At Affinity  Gallery, Four Artists Stir Conversations around Paths of Desire

Yinka Olatunbosun

Emmanual Adeyemi, Lawrence Meju, Roseleen Labazacchy, and Thuthukani Myeza may have different backgrounds and interests, but at this latest group show at the Affinity Art Gallery in Victoria Island, Lagos, their works collectively echo the same message. Centred on the theme Desire Lines, the show illuminates the concept of a desire path – one that is formed when people choose not to use the path that you have paved for them.

According to the curator, Moni Aisida, the works in this exhibition explore the concept of what it means to take that road and the myriad outcomes that could be wait on the other side.

Lawrence Meju’s works implore us to “explore our mindscape, face all our emotions and who we are head on.” His painstaking method of documenting, sketching, cutting, measuring and pasting the paper in his works pays homage to his background in architecture. 

Working with textured paper, upcycled paper and paints, art is a channel for his introspection. His collection titled “Extranormal Portraits” is executed with a playful approach, which culminates into a series to inspire authenticity.

An undergraduate student of architecture at the University of Lagos, he revealed that paper was the only medium available to him at the time of conception and creation of the works which grew largely out of journaling. “When Life Gives You Kotton Kandies is just another way of saying when life gives you lemons,’’ he explained at the exhibition opening.   Alluding to the ocean in this piece, Meju’s works speak volumes about his optimism and calm approach to life. “Vivid Dreams is a manifestation of God blessing the work of my hands,” he added. 

Life may not have been all rosy for the young artist but he doesn’t despair. His mother lost two shops in FESTAC to a government demolition exercise and she is yet to get compensation from that. “But then, there are good things too. I won a spelling bee competition. So, for me, I’d rather focus on the good things that had happened to me than wallow in self-pity.”

One of those good things that happened to Meju is the Adidas Flagship London with Creative Debuts (2022) where his works were first exhibited outside Nigeria.

Emmanuel Adeyemi’s works are about tapping into our subconscious by connecting with nature and the universe around us.

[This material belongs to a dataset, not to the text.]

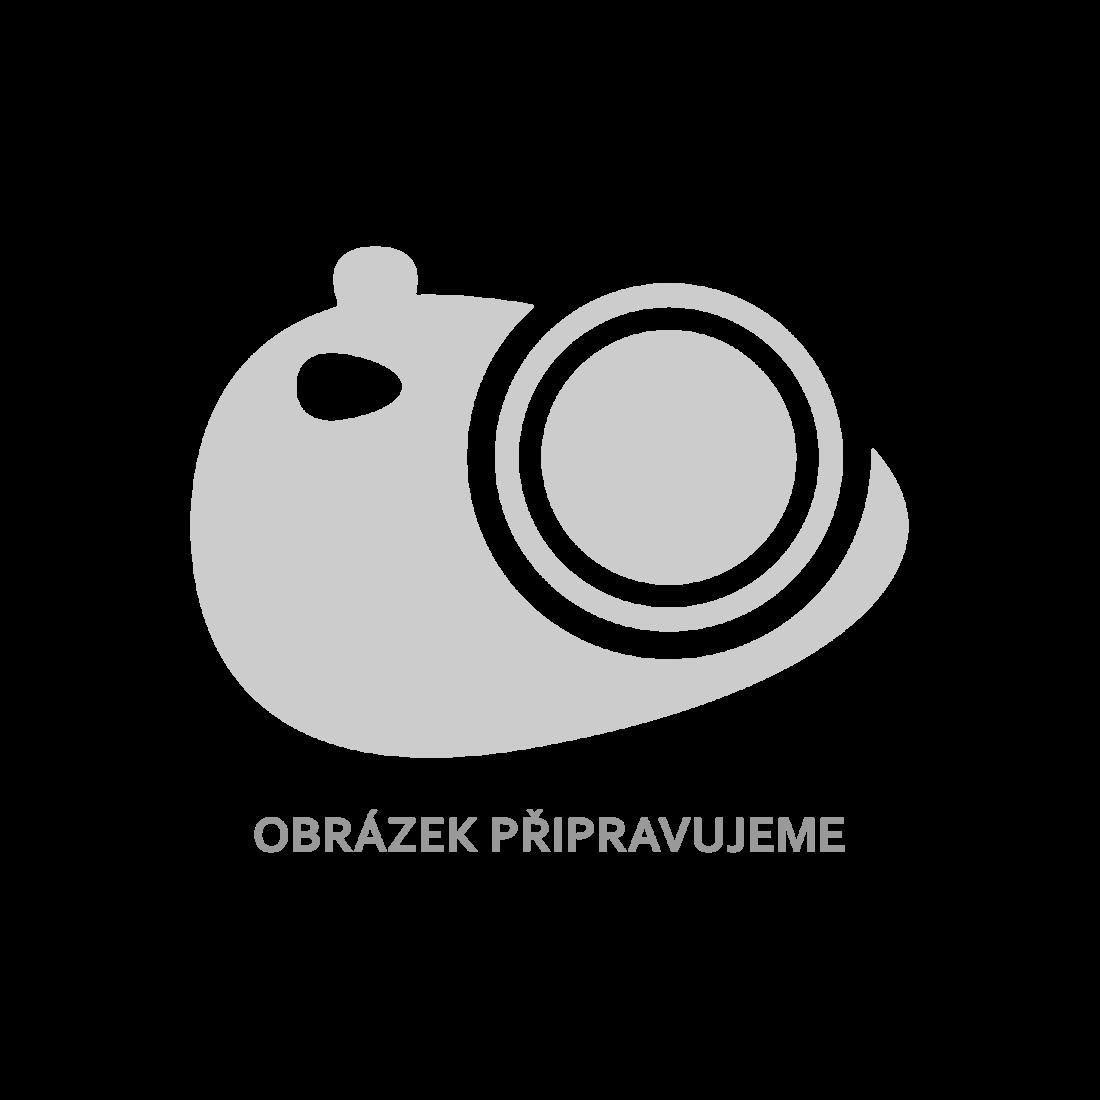 vidaXL Knihovna betonově šedá 98 x 30 x 98 cm dřevotříska [801129]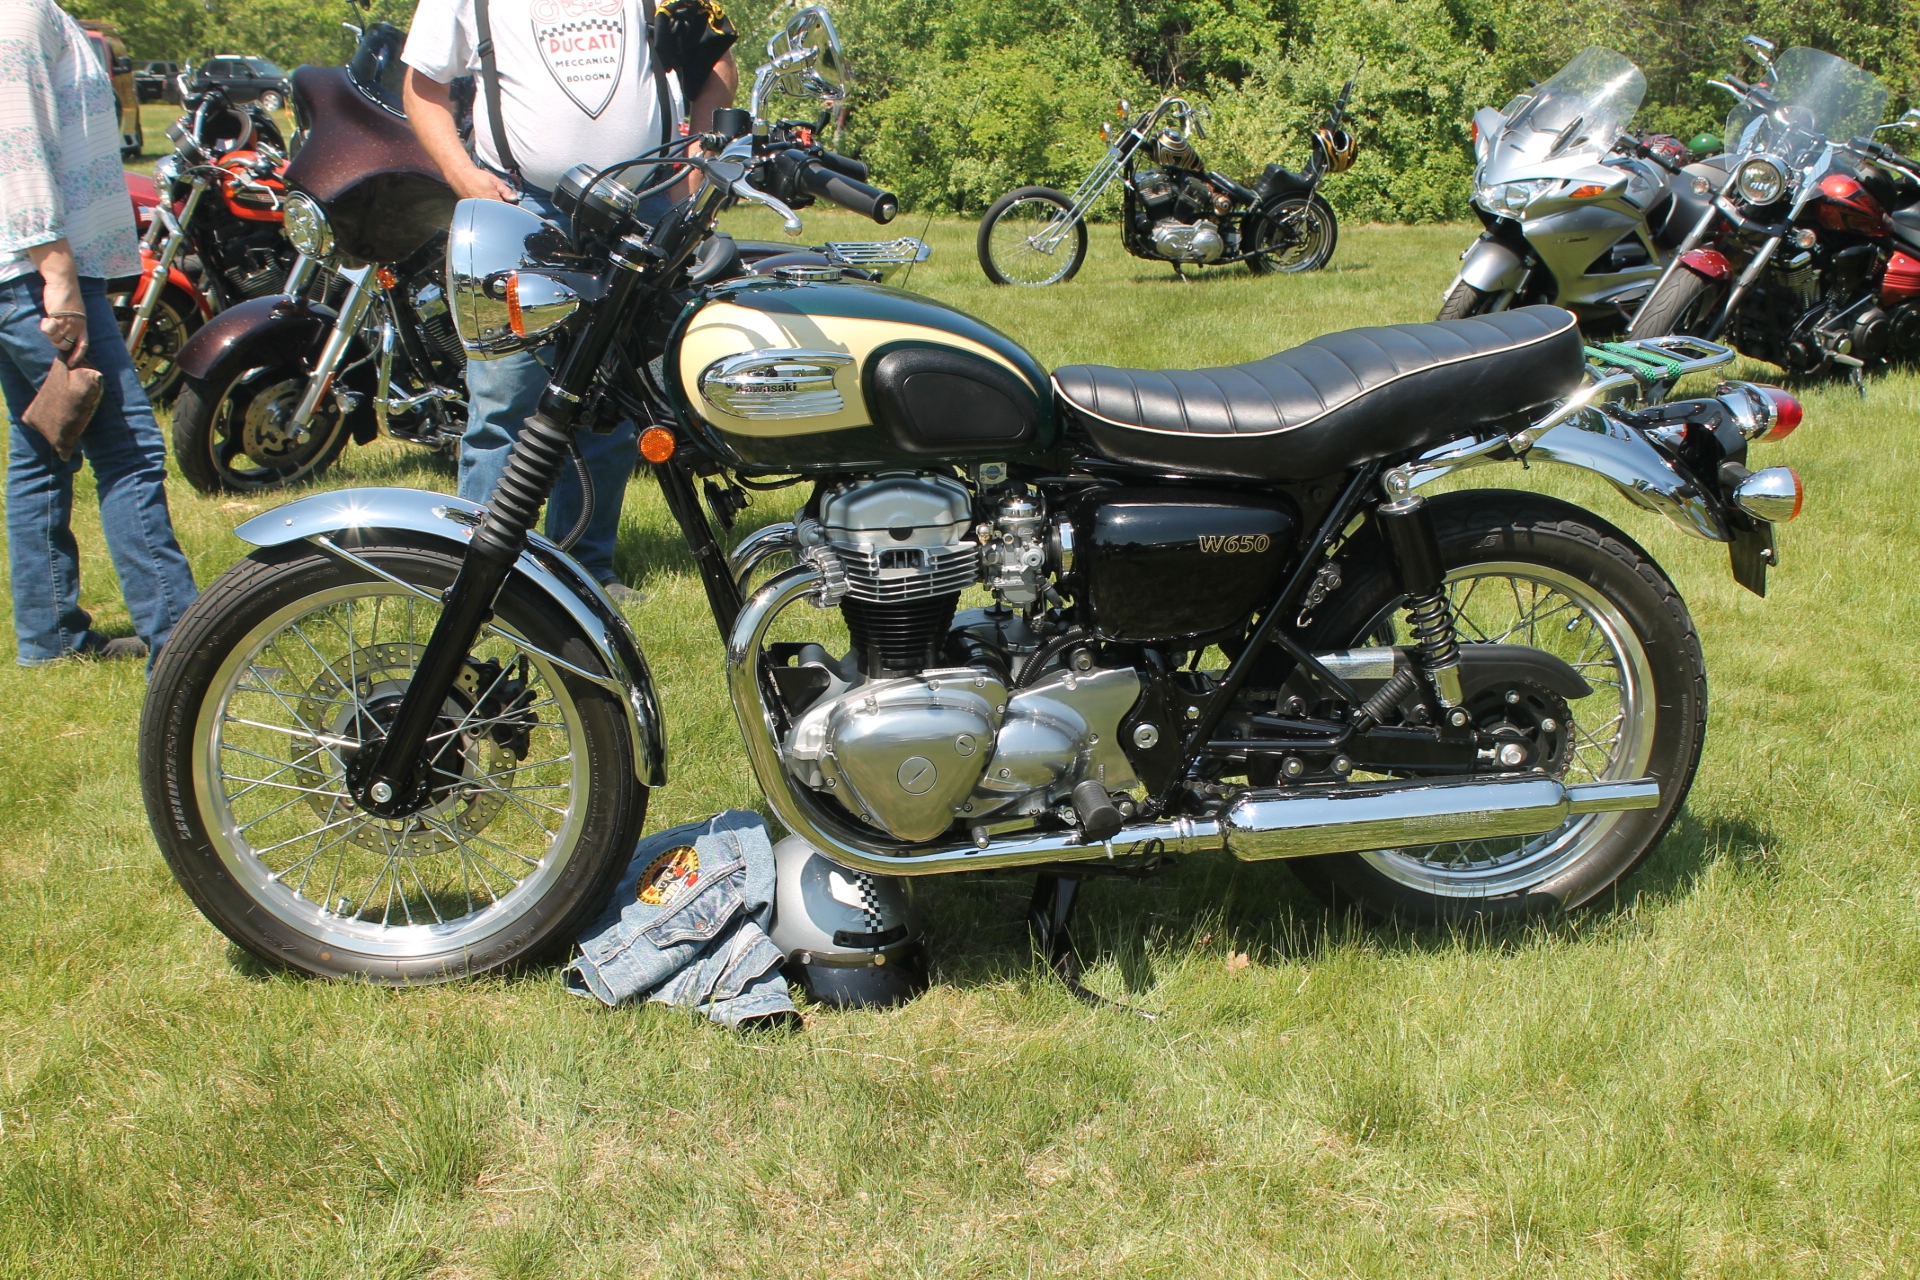 An English Style Kawasaki W650 Sighted

He urges the viewer to look beyond the surface. He believes that the disharmony in this world is caused by our ignorance to the fact that we are layered human beings. 

“Once we are able to unite within ourselves, that unity will be reflected in the world,” he said. His interest lies in human relationships, transforming the earth and challenging perspectives as well as perceptions. Using foam, damask and acrylic on canvas, Adeyemi often enjoys working outdoors. Some of his works at the show include The Home Gym, Conscious Fantasy and A Time Travel occurred While Going Down Memories.’’

A digital collage artist from Johannesburg, South Africa, Thuthukani Myeza began his digital collages from the first phase of the pandemic in 2020 to seek solace and refuge. His work explores the beauty and dread of being black influenced by apartheid, segregation, pre-colonial and colonial Africa. 

Myeza’s works are about the power of narrative.  He relishes the power to tell the stories of his people. In the body of works, he retold stories. His works redraw the lines and boundaries of what we have accepted as fact and truth with the works he juxtaposes in his images prompting the viewer to ask questions about their history and reality.

“I discovered that parts of our history were not taught in schools. The beauty of a continent is still held hostage in the museums and the galleries of the oppressors’ descendants. My work is a reshaping of narratives hidden behind payrolls and privilege.”

His protest art collection, which include Freedom “As A Struggle, Get Ready Mama and Freedom Debt” is timely as it reflects the journey of universal suffrage in South Africa as well as other fundamental rights of citizens often threatened by forms of tyranny.

Roseleen Labazacchy, who hails from Oyo is preoccupied with celebrating the African women using mixed media and a seamless amalgam of post-impressionism and neo-impressionism.

“My work focuses on African woman’s dignity,” she explained. “Women are seen as not as powerful as the men. Women are not treated with as much respect as the men.  They blame the women for failure of the homes. I believe in naturalness. I believe that the beauty of the African woman in within and not the makeup. I grew up in Oyo town and I had seen different families and I wanted to change people’s mentality about women. I believe that women should not be financial burden on their husbands. Women should love themselves for them to be able to love the other women. You don’t need to be maltreated to prove their love. Women should have the freedom to choose the men they would want to marry.”

With titles such as “Touch Not”, “Dozing Beauty”, “Echo Within” and “Centre of All”, her works depict African women in bold colours, sometimes militant, sometime defiant, sometimes peaceful but at all-time self-assured.  She appropriates the African tie-dye textile materials adire, some of which she dyes herself to signify the uniqueness of every subject. Her collection is a repository of stories of African women in history, the warriors, the matriarchs, the deities and the queens and kingmakers from whom they originate. Through her works, she inspires women to defy societal odds and become the best versions of themselves. The show runs till September 30.